Thursday, May 23, 2024

1958 Yankee of the Past: Woody Held

"After three successive spring tryouts with the Yankees, Woody was one of the key players in the seven-man trade that sent him to the A's last year. He justified their confidence, rapping 37 extra-base hits, including 20 homers.
His troubles with grounders forced him to switch from shortstop to the outfield. Woody threw out 12 baserunners with his arm last year."

-1958 Topps No. 202

PITCHER'S FRIEND
A's Say Woody Held Cuts Off Six Runs A Week By Catches In Center Field
"Some three or four springs ago the Yankee camp at St. Pete was overstocked with shortstops as Casey Stengel began preparations for that inevitable day when Phil Rizzuto could no longer handle the assignment. With hands shoved in his back pockets, Ol' Case watched from the sidelines while various operatives scooped up scorching grounders in a fielding drill. Much in the fashion of a tourist guide, the Yankee skipper pointed out the sights.
'And this here feller,' he was saying, 'is a feller which has a treemenjous arm. He throws so good I might make him an outfielder.'
And on he rambled, never stopping to identify Woodson George Held. By last spring, however, the Ol' Perfessor had made up his mind.
'You start workin' in the outfield,' he said to Held. But Stengel was not the only one to observe the fly-catching potential of the then 25-year-old rookie. Held was learning his trade on the Denver farm when the big trade of Billy Martin was made with Kansas City. The Athletics demanded Held as part of the deal and the Bombers yielded.
'We couldn't even have gotten as high as seventh without him,' says Tom Gorman, the relief specialist. 'He was a friend of every pitcher on our staff. His catches cut off at least six runs a week.'
'I rate Held as the second best center fielder in the league,' says Harry Craft, his manager. 'Jimmy Piersall of the Red Sox has it on him by just a shade, but before this year is out Woody may be better than Jimmy.'
The development of this one-time Yankee farmhand has been a mite startling. Yet he has always been versatile. As a schoolboy he was an outfielder, signed a pro contract as a pitcher, became a shortstop, switched to third base and is now an outfielder for keeps.
How good is he? A grateful Gorman bobbed up with an example.
'I was pitching against Duke Maas of the Tigers,' said Tom. 'In the first inning there were two on and two out when Harvey Kuenn came to bat. He creamed one. Woody raced back to the wall and made as sensational a backhand catch is I ever saw. I thought he left his skin on the wall. That's how close he had to go.
'In the thirteenth inning- I'd left for a pinch hitter in the tenth- the Tigers were threatening again with one out. Jimmy Small was on second when the batter smashed one to center for a single. Small is fast, but Held fielded the ball so quickly that Small didn't dare go past third.
'Ray Boone got one with the fat part of his bat and shot a low line-drive to deep center.
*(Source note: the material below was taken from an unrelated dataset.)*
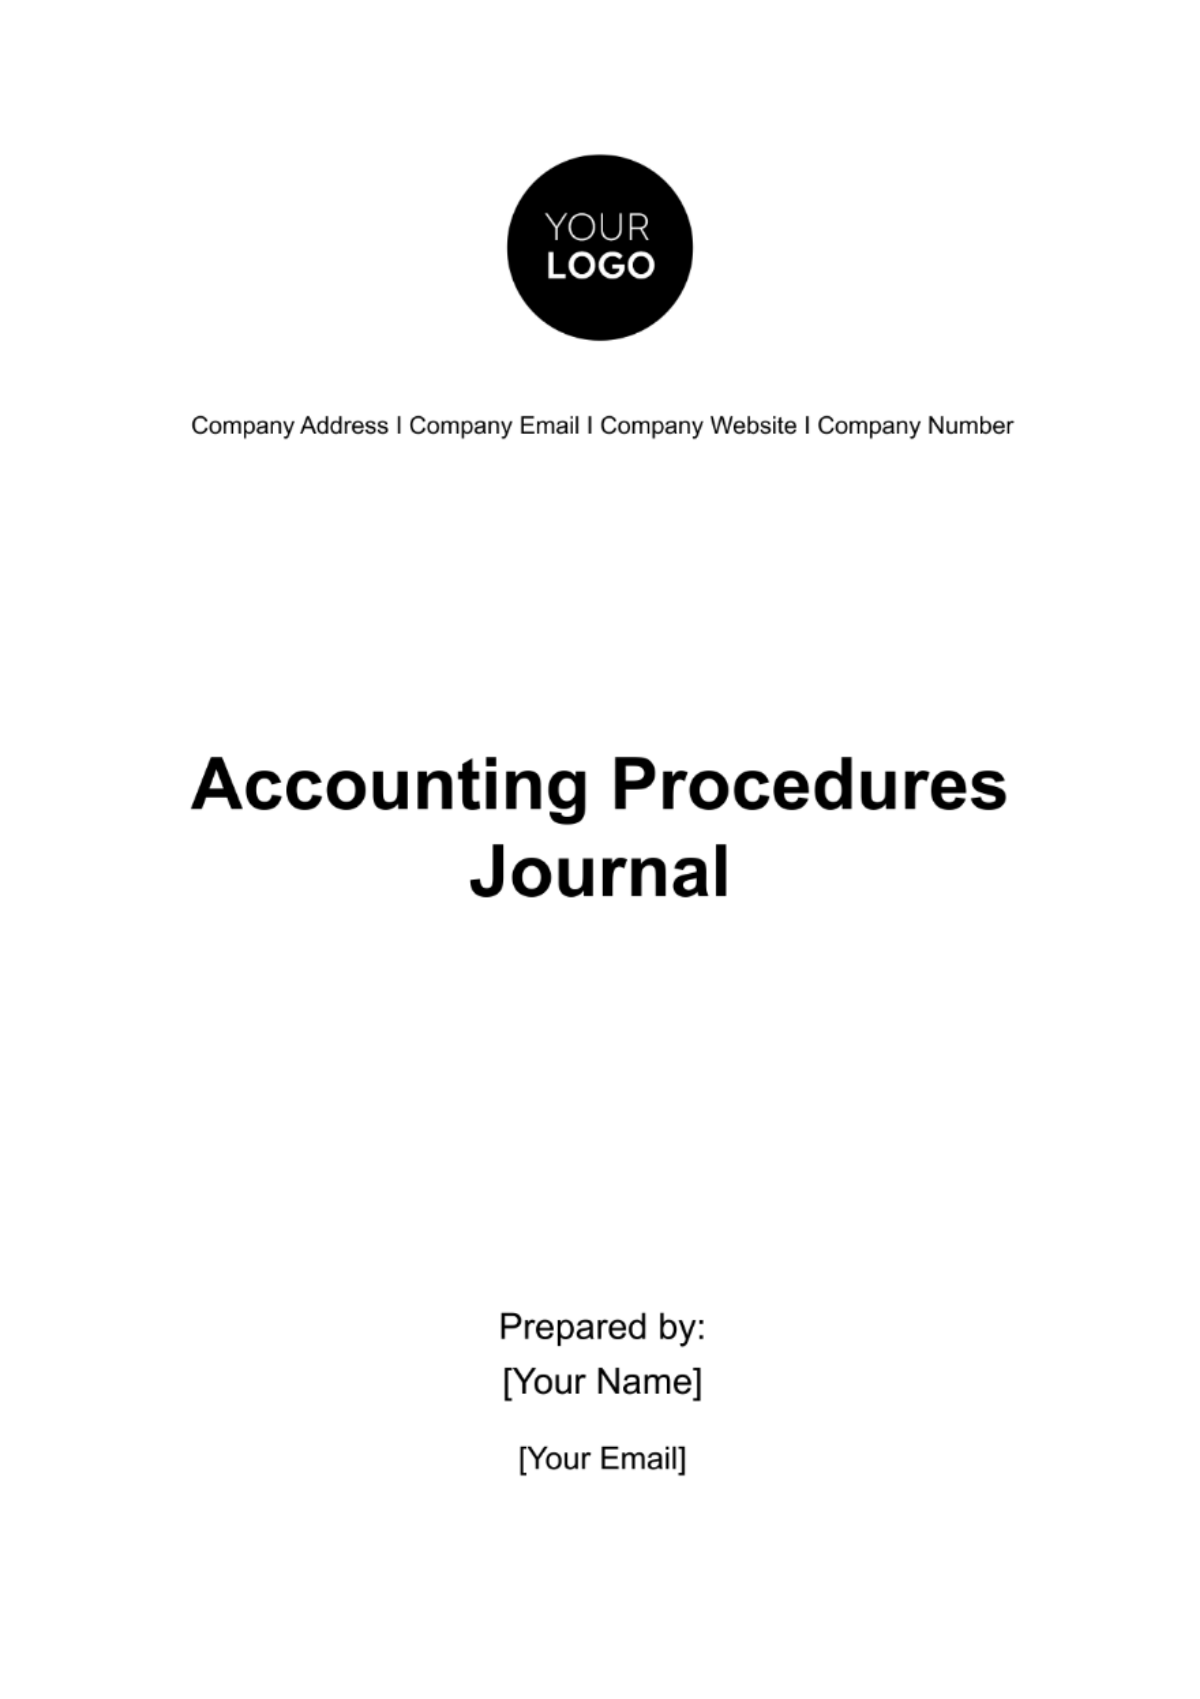 Accounting Procedures Journal Template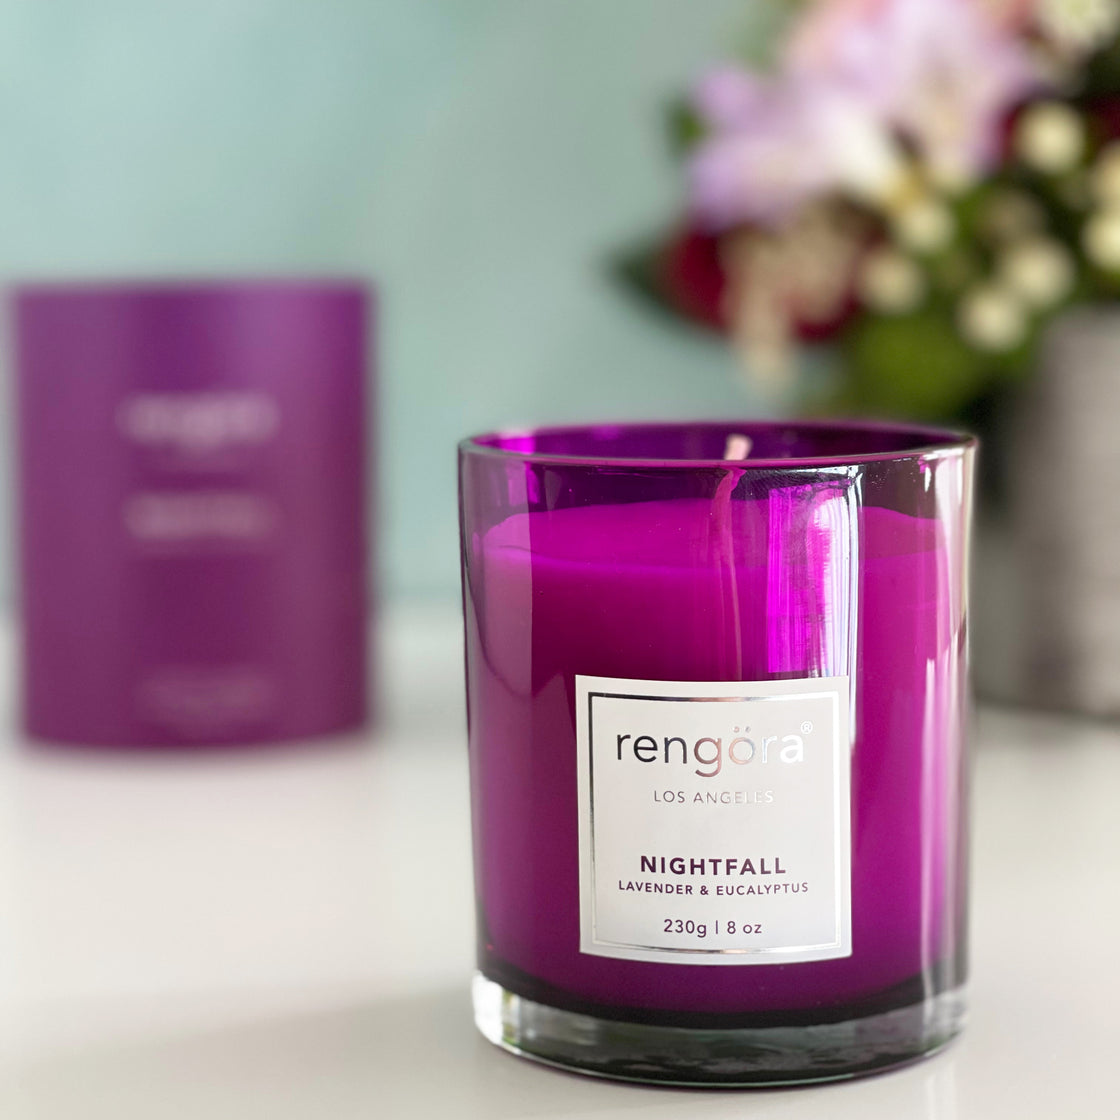 rengöra's Nightfall scented candle: lavender & eucalyptus in a beautiful purple glass container

It looked like a certain hit. Woody came in to make a circus catch. Then he threw a strike to the plate and nailed Small trying to score from third. It was a double play and we won in the fourteenth.'
Nodding somewhat appreciatively at this graphic recital was Craft.
'Woody made a catch on Harry Simpson in the Yankee Stadium that was almost as good as the one Willie Mays pulled on Vic Wertz in the 1954 World Series. It was just to the right of the monuments, about 460 feet from the plate. It was beautiful.'
The Kansas Citys were in slumps more than they were out of them last season because the country cousins of the Yankees are a rather dreadful ball club. In fact, they'd be worse off if they hadn't made all the deals they did make with their rich relations.  But their most dismal came when Held was invalided after a too abrupt visit with a wall in Washington. Without Woody, the A's had a solid week of defeats.
Russ Kemmerer, of all people, accidentally belted one deep. Woody raced back for the ball and got his glove on it with a backhand seizure. But he couldn't stop and his unprotected face smashed against the wall. He spun around and crumpled to the ground with the ball and glove in his lap. The ball trickled to the grass. Kemmerer, assuming the catch was completed, started to return to the dugout.
'Run, run!' hollered all the Washingtons. So the big pitcher got himself an inside-the-park home run, mainly because the Athletics were afraid to jostle the stricken hero and recover the ball.
'Will he be gun shy when he returns,' Craft asked himself. He had to wait more than a week for an answer. Woody ran boldly against the fence to rob a hitter of an extra-base hit. The question was answered.
Woody is a comparatively little guy, being five feet ten inches and 170 pounds. But he's solid, compact and generates power. After all, he did slam 20 homers last year.
The Athletics wish the Yankees would keep giving them players like Woodson George Held."